> _Work request_:
Set down the data below in full and exactly, minus the pictures.

> _The data_:
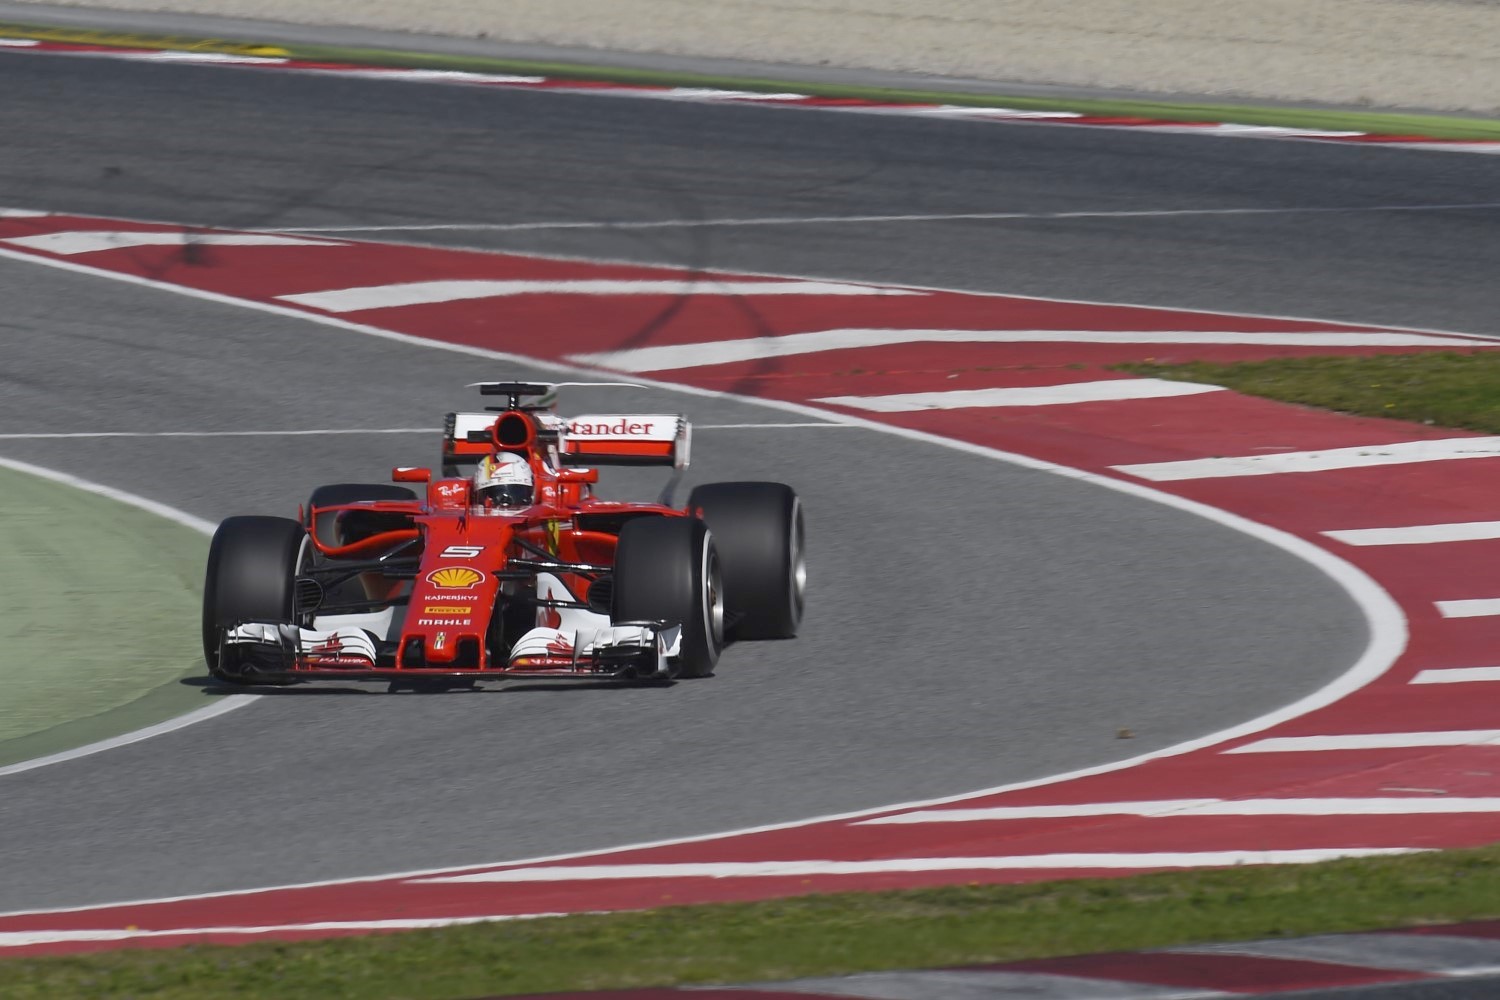 Vettel is sandbagging in the Ferrari, but how much is Mercedes sandbagging?
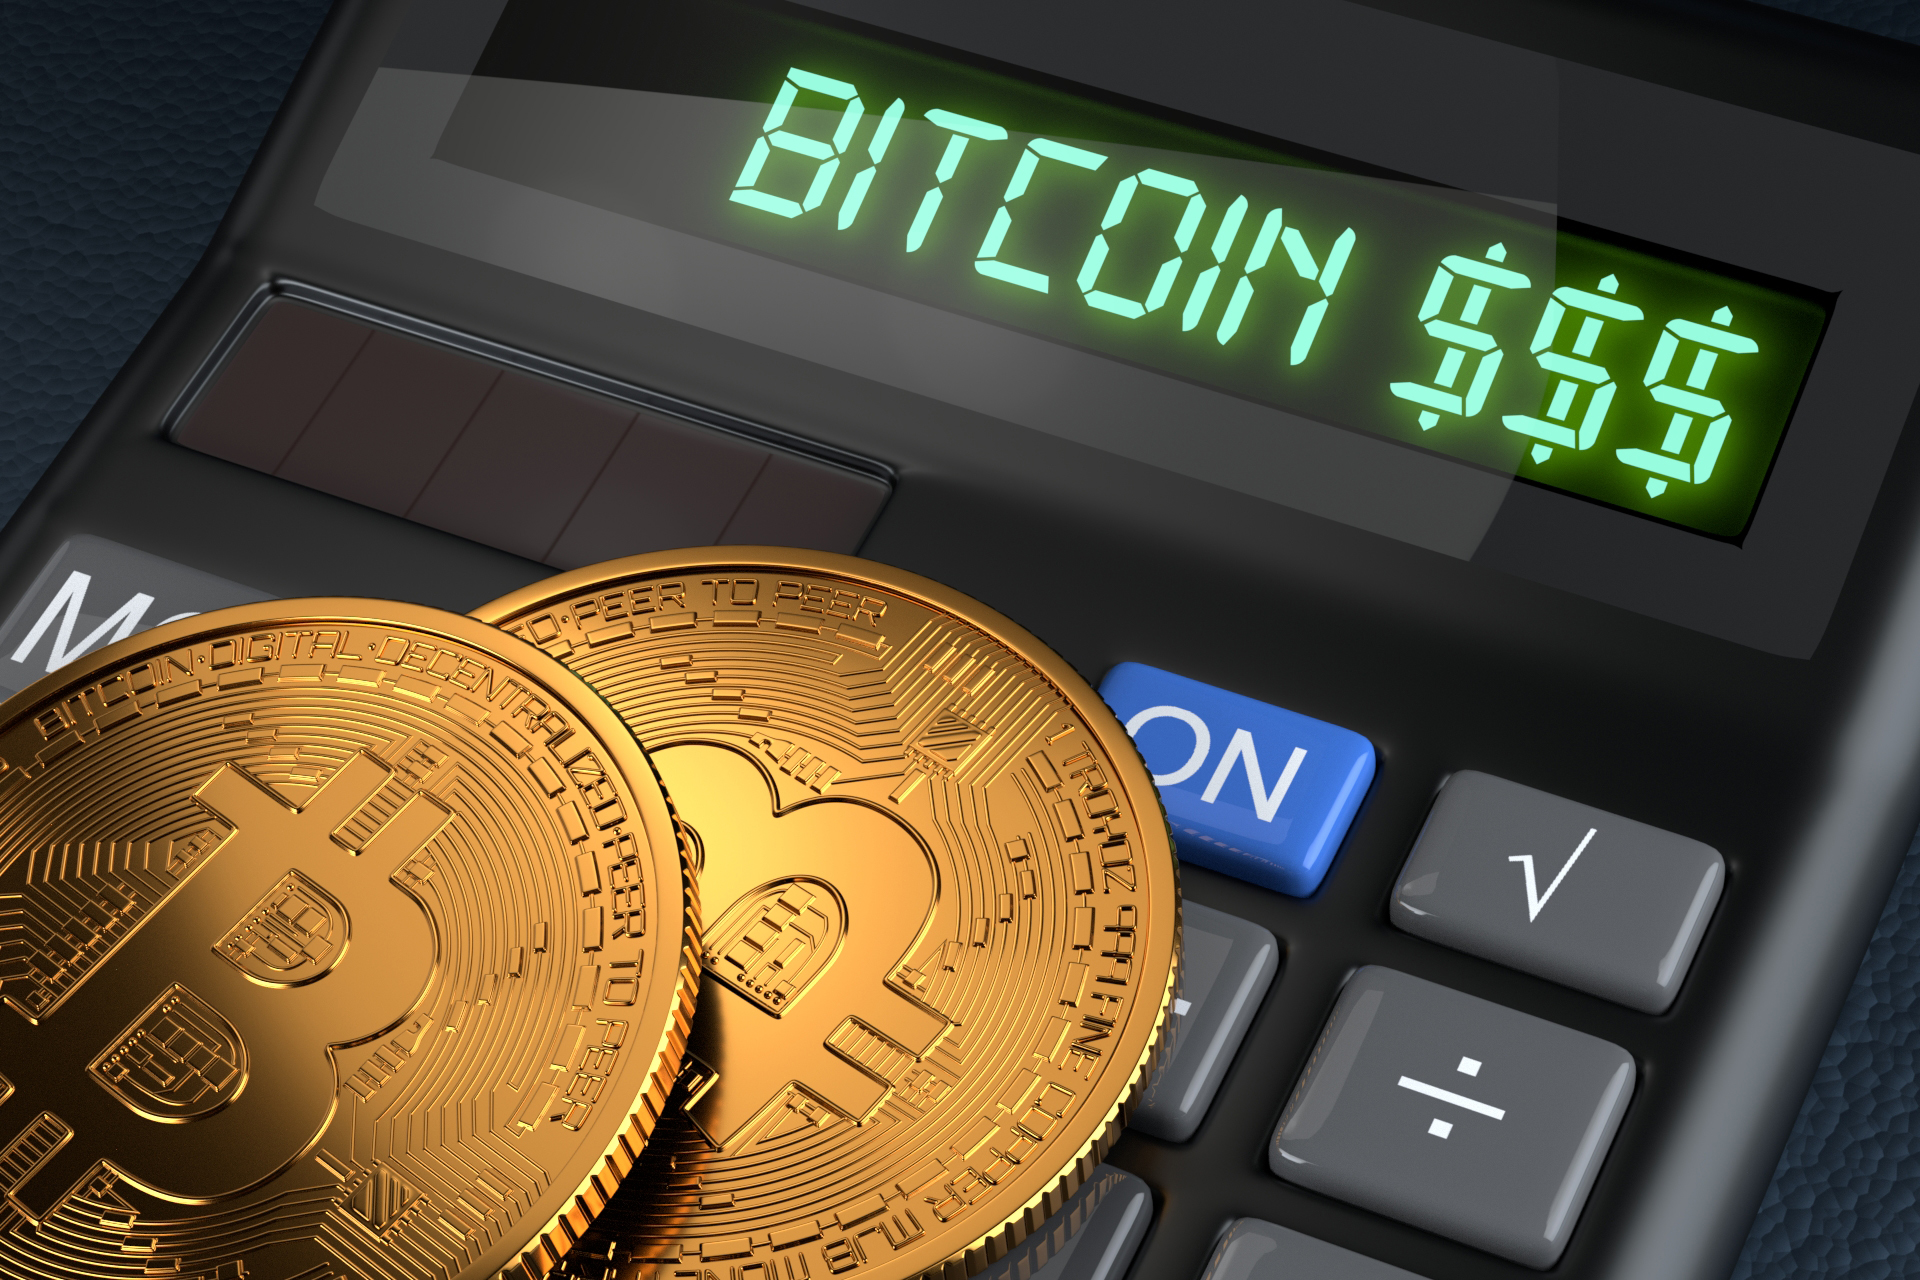 Bitcoin cash calculator free image download
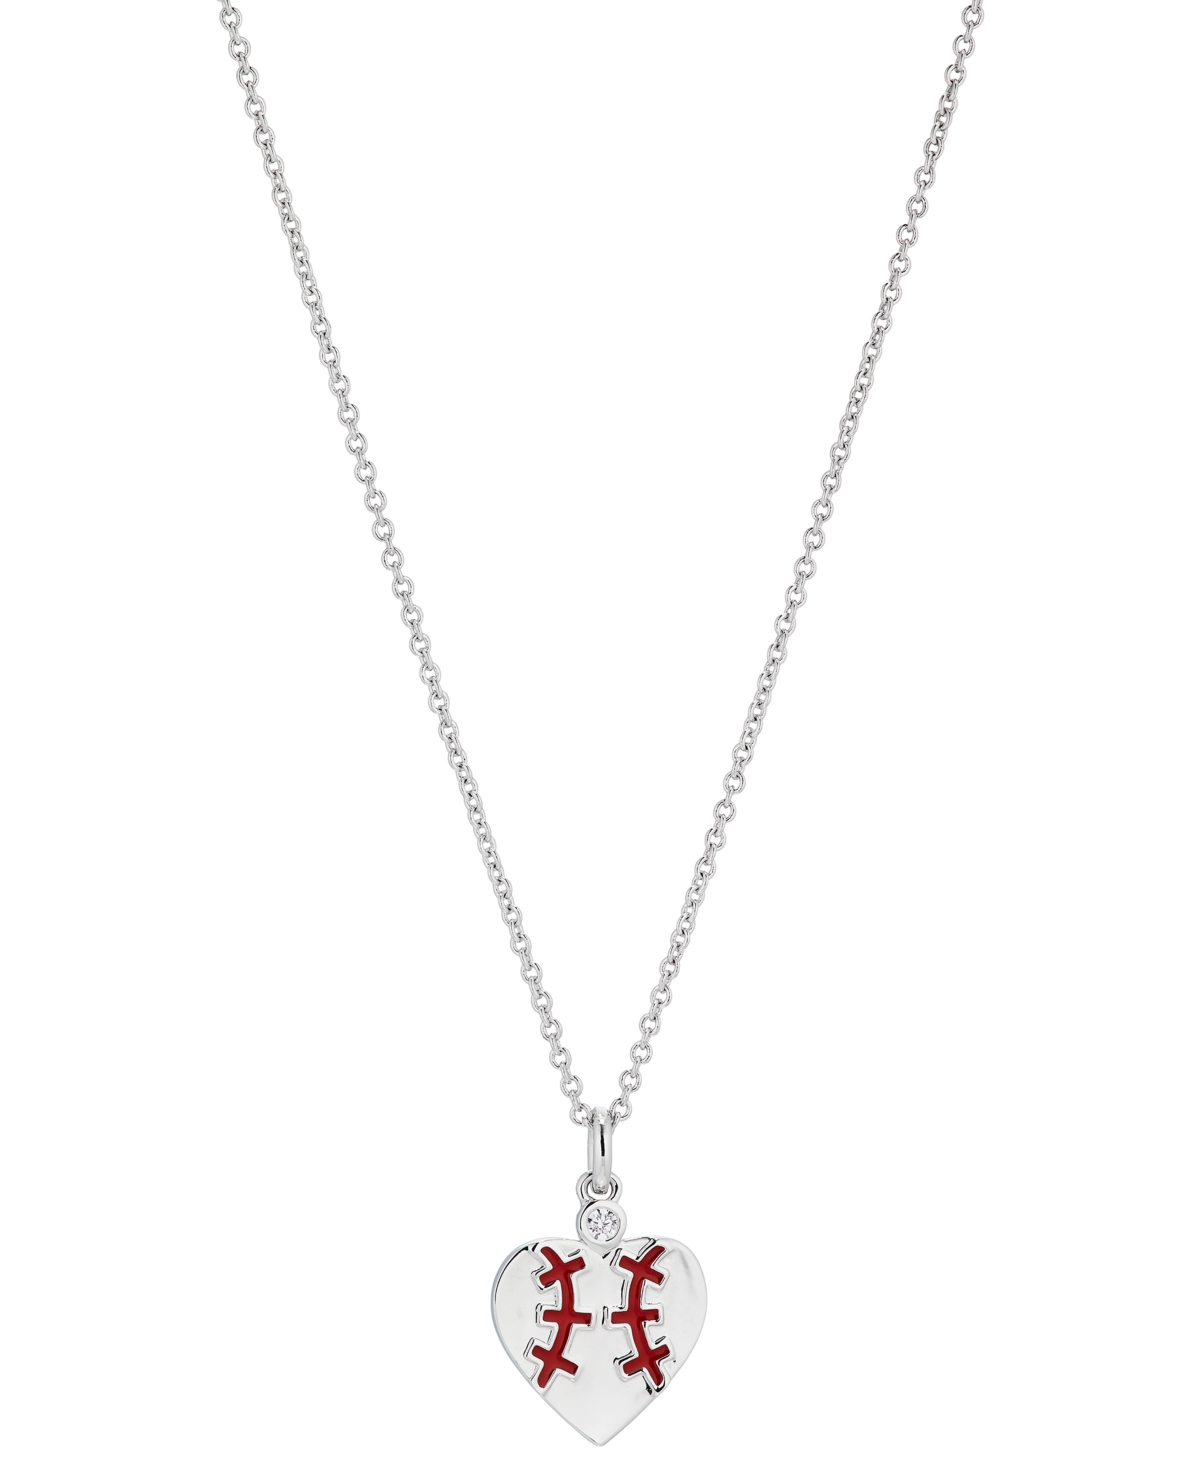 Silver-Tone Pave Baseball Heart Pendant Necklace, 16" + 2" extender - Silver
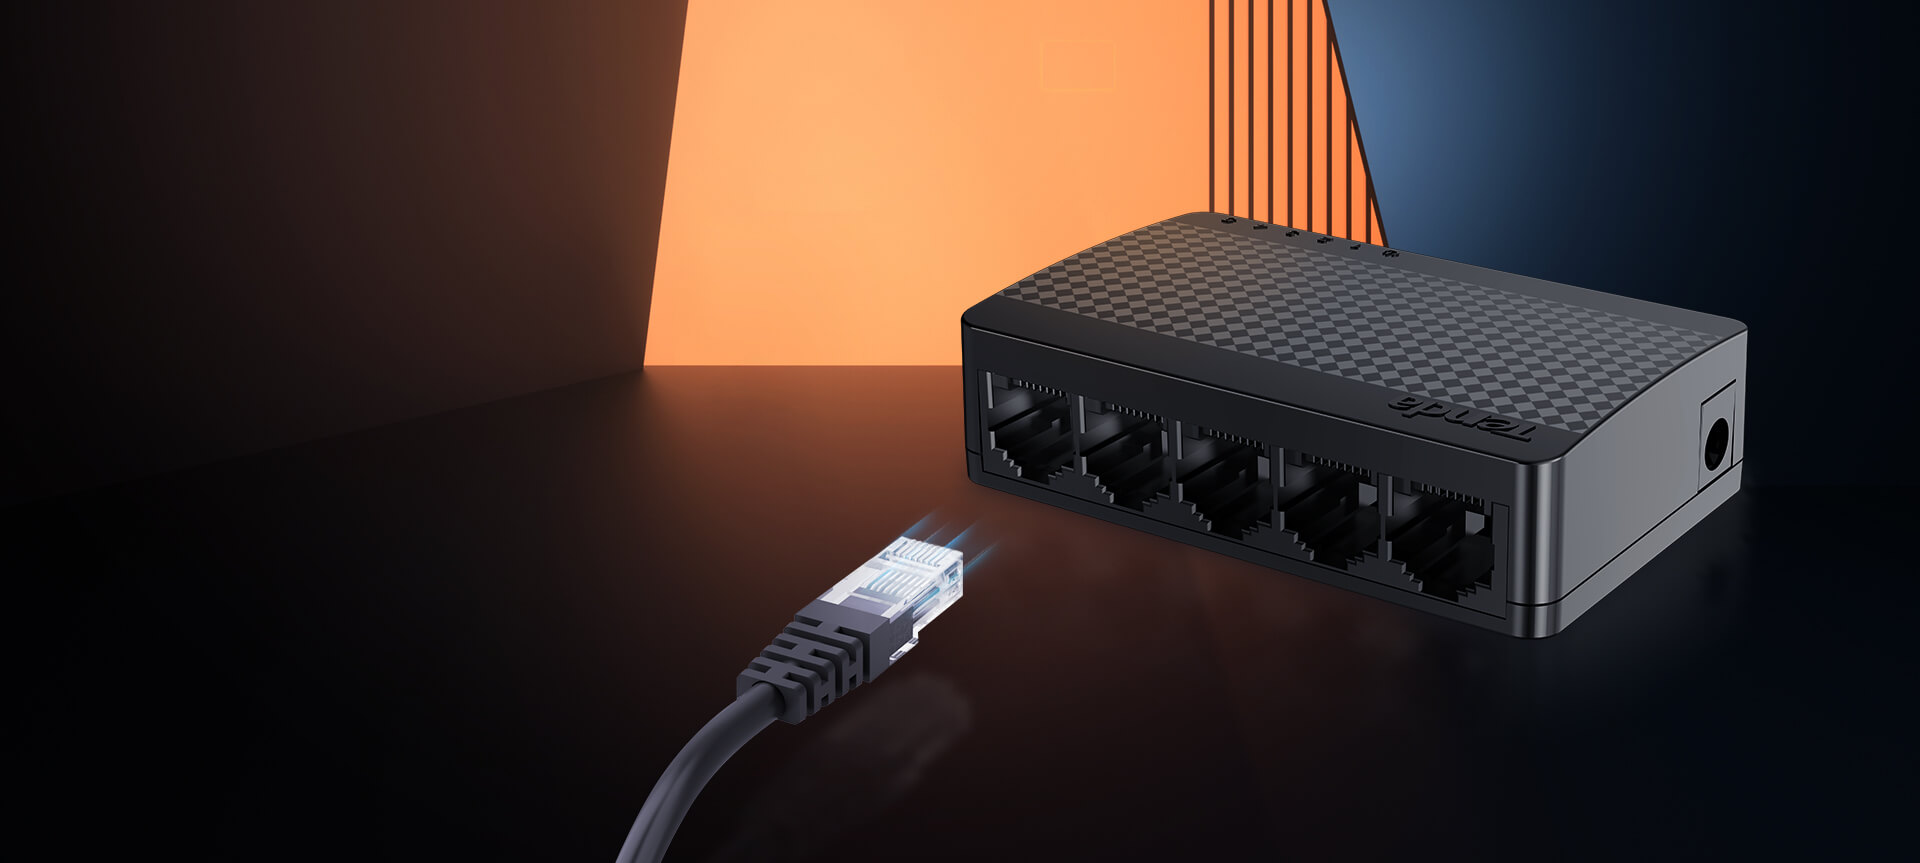 Switch Ethernet 5 Ports Gigabit Tenda SG105 - Plug & Play, LED Indicators,  Mini Size(Reconditionné)

> _Response box_:
 Vettel is sandbagging in the Ferrari, but how much is Mercedes sandbagging?
 Bitcoin cash calculator free image download
 Silver-Tone Pave Baseball Heart Pendant Necklace, 16" + 2" extender - Silver
 Switch Ethernet 5 Ports Gigabit Tenda SG105 - Plug & Play, LED Indicators,  Mini Size(Reconditionné)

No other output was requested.